* **What to produce**
From the material below, retype exactly the lines that begin at the line with "绿色复古中国风酒类谷雨节气海报素材" and end after the line with "Pokemon Sun - Nintendo 3DS - Nintendo"; pictures stay out of the copy.
[Opening Available data section]
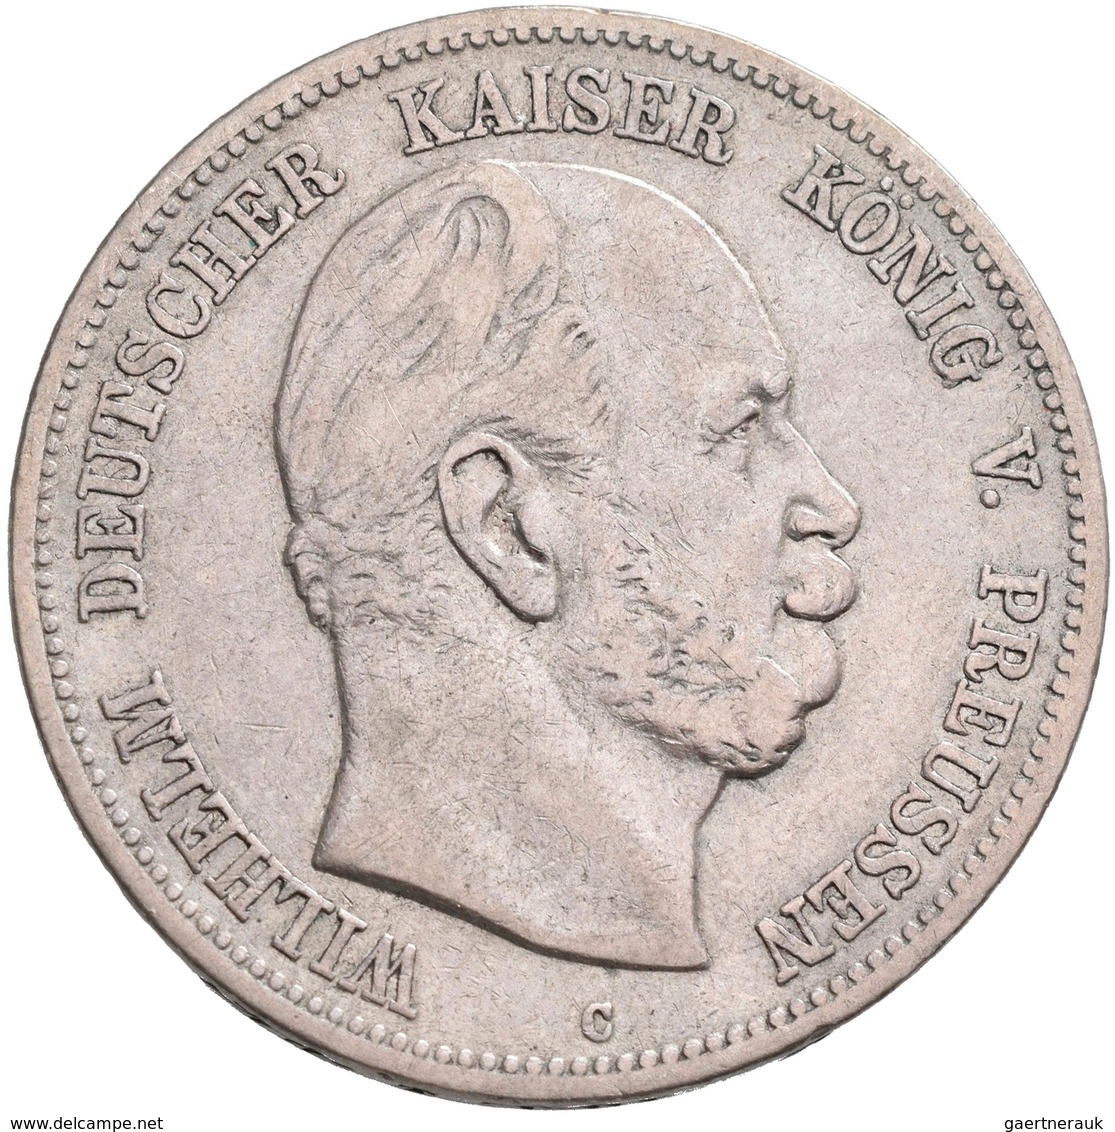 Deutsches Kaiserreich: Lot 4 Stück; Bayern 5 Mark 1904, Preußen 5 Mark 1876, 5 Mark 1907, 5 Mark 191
[Closing Available data section]
[Opening Available data section]
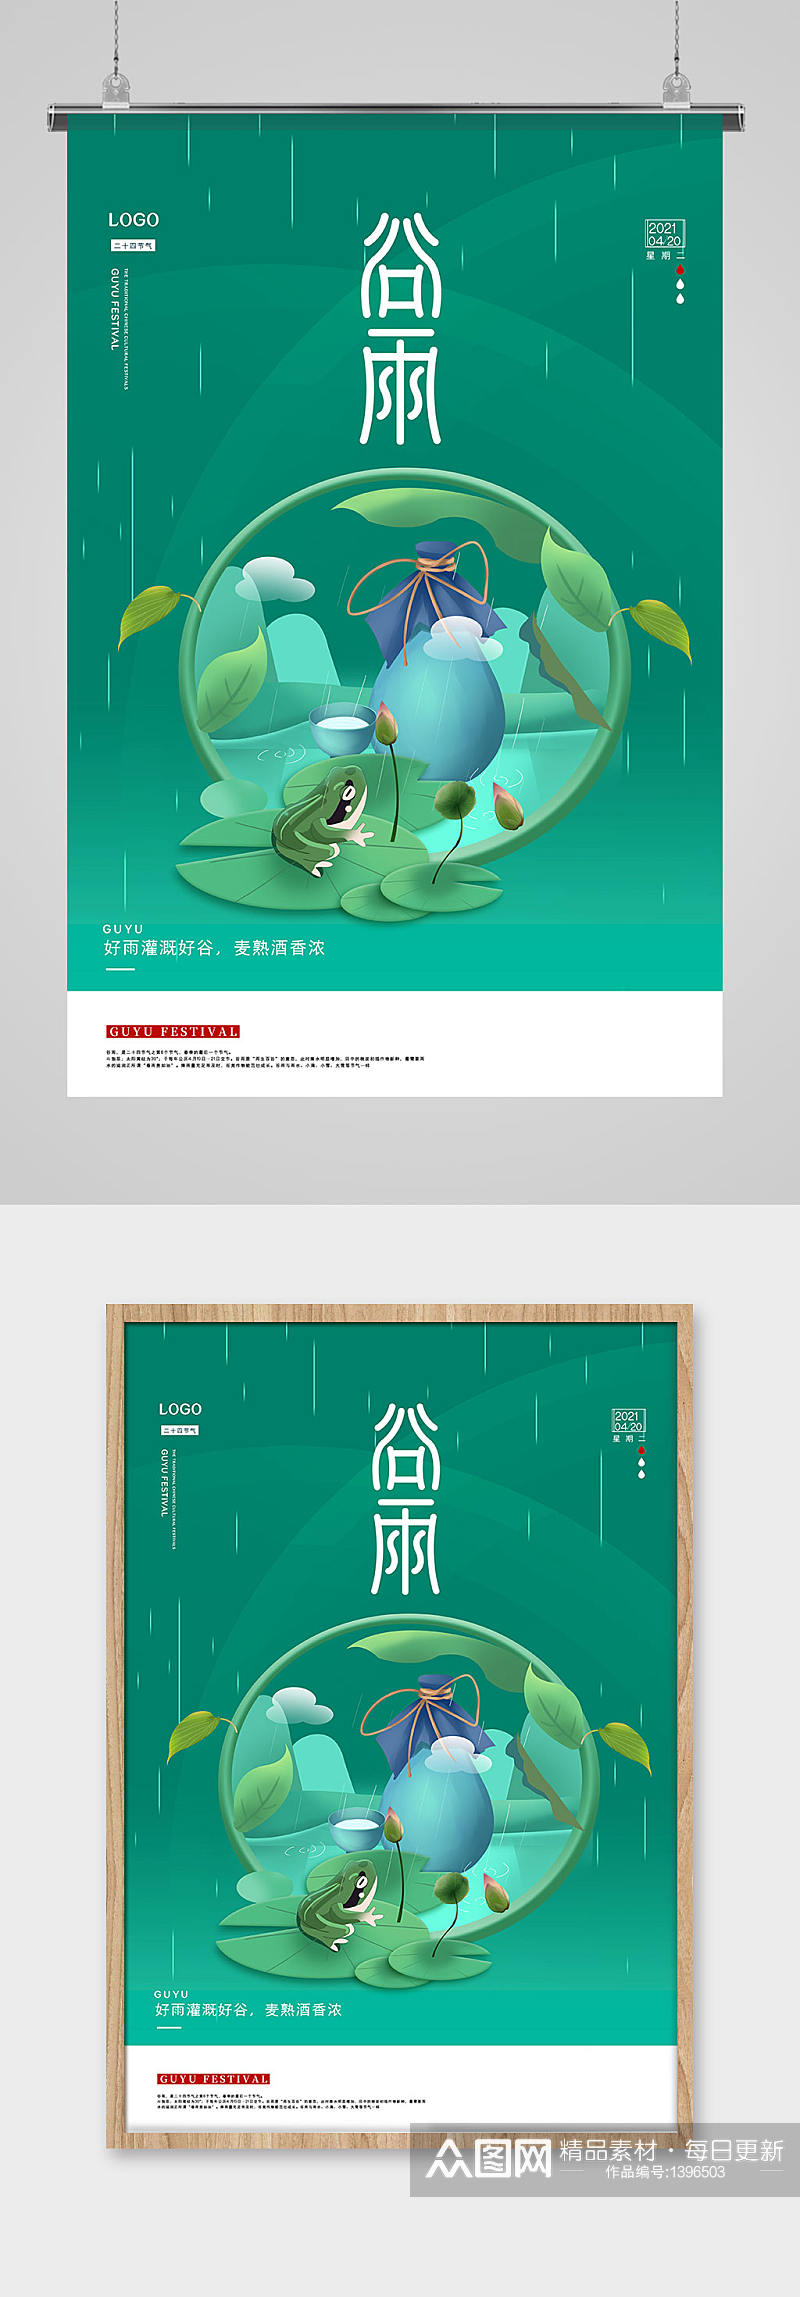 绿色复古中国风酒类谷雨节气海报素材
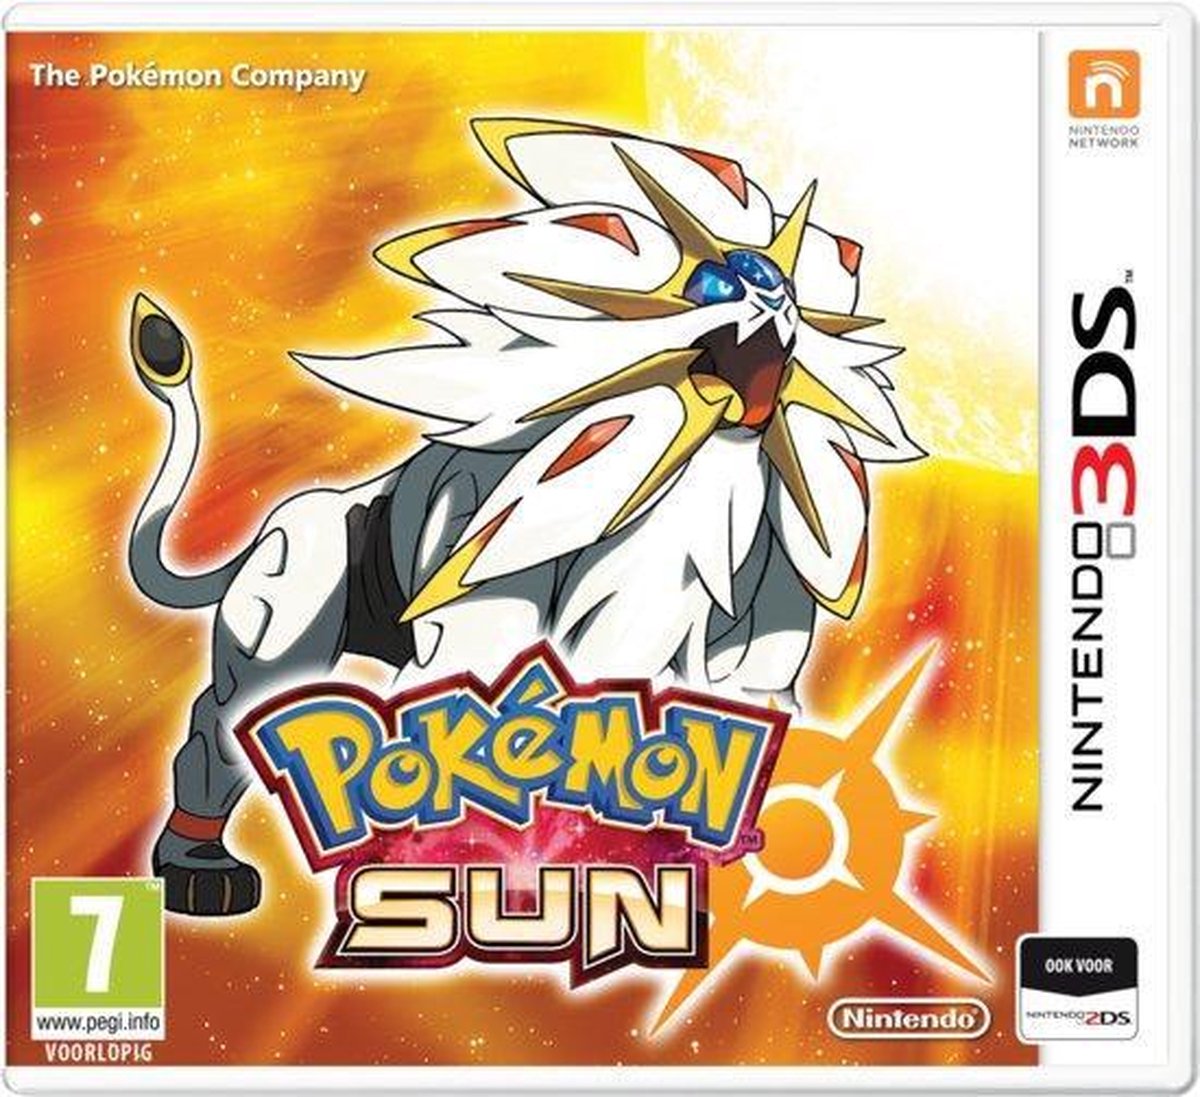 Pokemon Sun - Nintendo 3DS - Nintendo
[Closing Available data section]
[Opening Available data section]
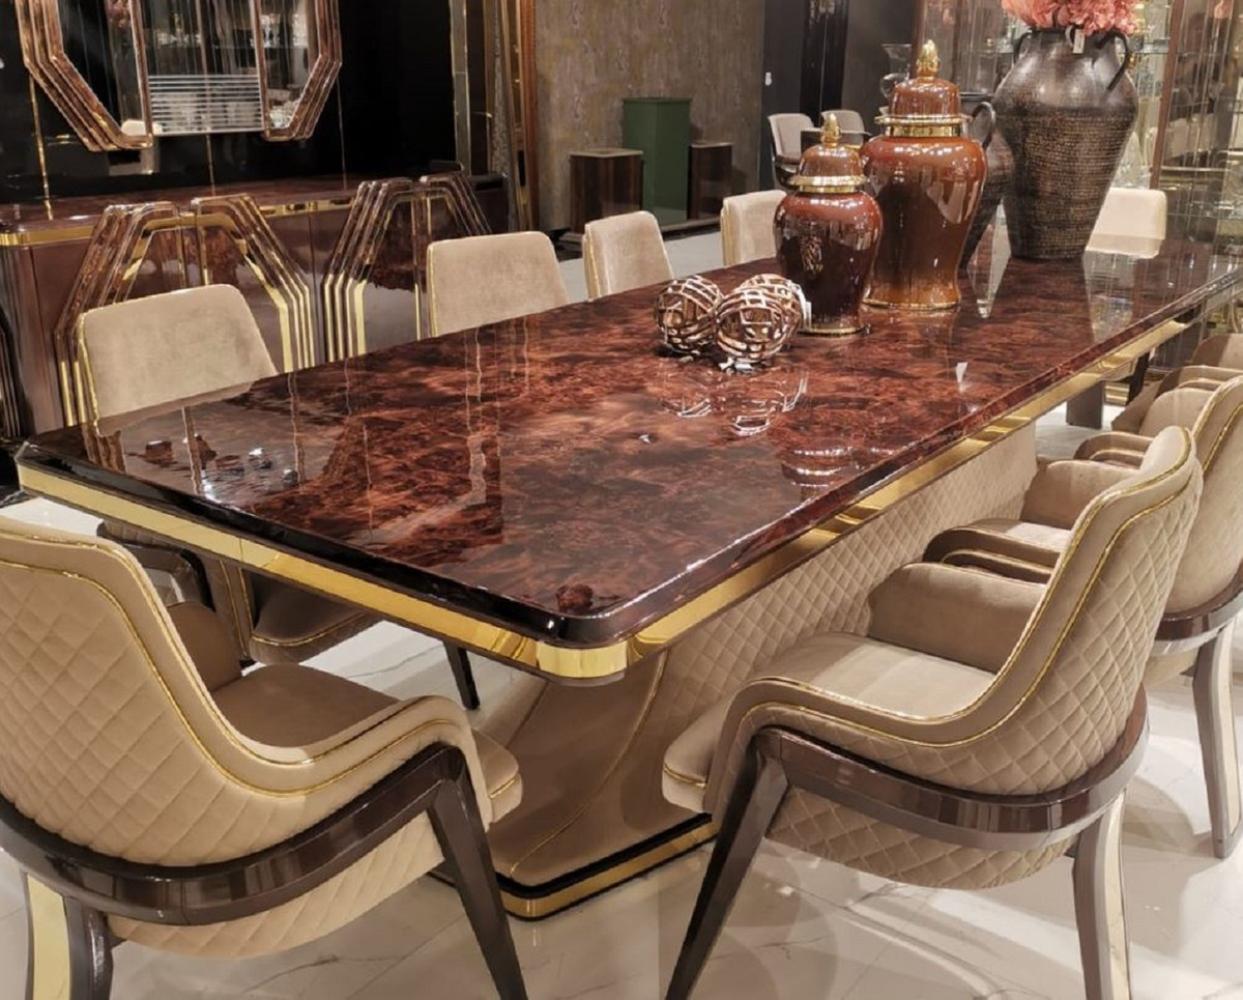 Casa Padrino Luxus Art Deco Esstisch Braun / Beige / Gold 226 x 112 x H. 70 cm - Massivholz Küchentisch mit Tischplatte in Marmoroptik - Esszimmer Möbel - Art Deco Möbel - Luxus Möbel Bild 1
[Closing Available data section]
* **Reply to the task**
 绿色复古中国风酒类谷雨节气海报素材
 Pokemon Sun - Nintendo 3DS - Nintendo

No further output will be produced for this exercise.